If you're a bit familiar with various IO in the Julia standard library, you might say "hey this looks familiar" and I'd say "Have a cookie!" because you're absolutely right! This pattern is pretty much how lock, open and some other IO & concurrency related functions already work:
# from https://github.com/JuliaLang/julia/blob/77c28ab286f48afe2512e2ae7f7310b87ca3345e/base/io.jl#L407-L414
function open(f::Function, args...; kwargs...)
io = open(args...; kwargs...)
try
f(io)
finally
close(io)
end
endThe main difference between the pattern presented here and what open/lock are doing is that the resource here cannot be constructed without actually doing something with it. open/lock allow the resource to exist without use, i.e. the "handles" are initialized but access is not acquired immediately. By itself that's not a big deal, but it does mean that you can't design your program around having exclusive access to the resource. IO (which is returned by the non-function open) in this situation really doesn't act like a handle or shared resource at all, even though it secretely is under the hood. E.g. stdout and similar are protected by internal locks under the hood. If this were exposed in the API, it'd make some usecases threadsafe by design, without having to lock/unlock on every access to the resource. This would cleanly solve the problem of torn writes, where the representation of an object can be intermixed with other printing in the final output when more than one thread tries to write to stdout at the same time.

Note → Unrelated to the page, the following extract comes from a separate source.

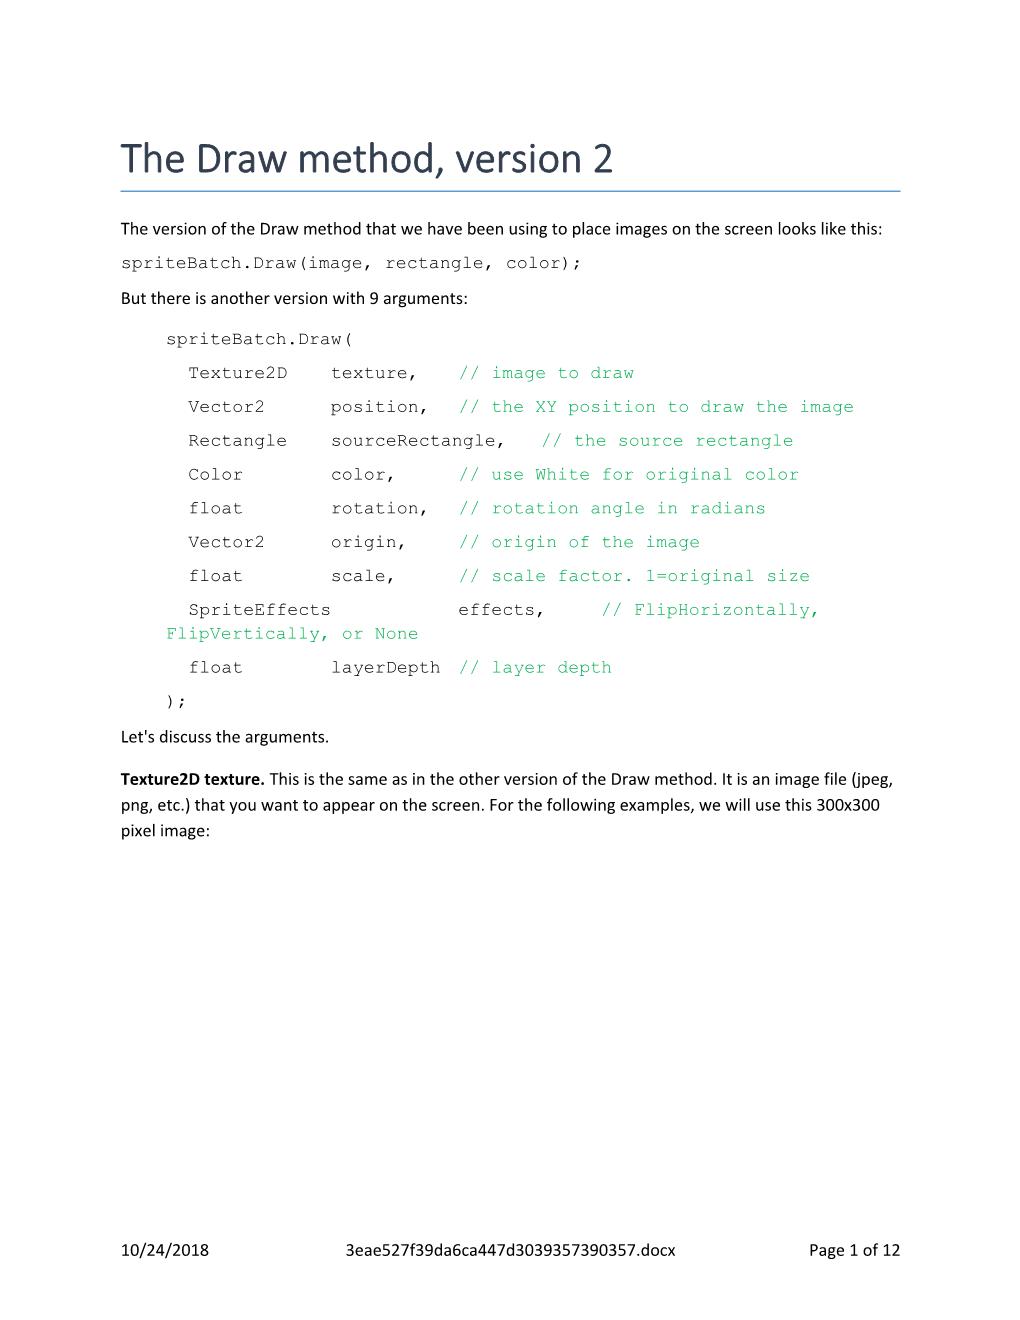 The Draw Method, Version 2

Additionally, if we'd have to acquire the lock on stdout on our first access and store that information in the local task, subsequent acquisitions on the same task can be fasttracked until we yield to another task. In the current design, that's hard to implement because stdout is just a global variable that punts the locking to a write call. Of course, this also has a downside in that you should not keep a live reference to stdout around for long periods in your code so that you don't block other running tasks. That change in thinking is quite a big shift!
As we found out, RAII is not just a C++ exclusive thing, it's a much broader technique that can be applied in more languages. The key is thinking about the interplay between object lifetimes, resource management and the semantic guarantees your language provides. If you can emulate the right semantics, you can use RAII pretty much everywhere.
For the folks who want to know why I mentioned that this technique won't (for now) work when programming microcontrollers with Julia: I haven't looked into supporting try/catch/finally yet, which is a core requirement for making this work. Regardless, that's about it for RAII in Julia! I hope you learned something here.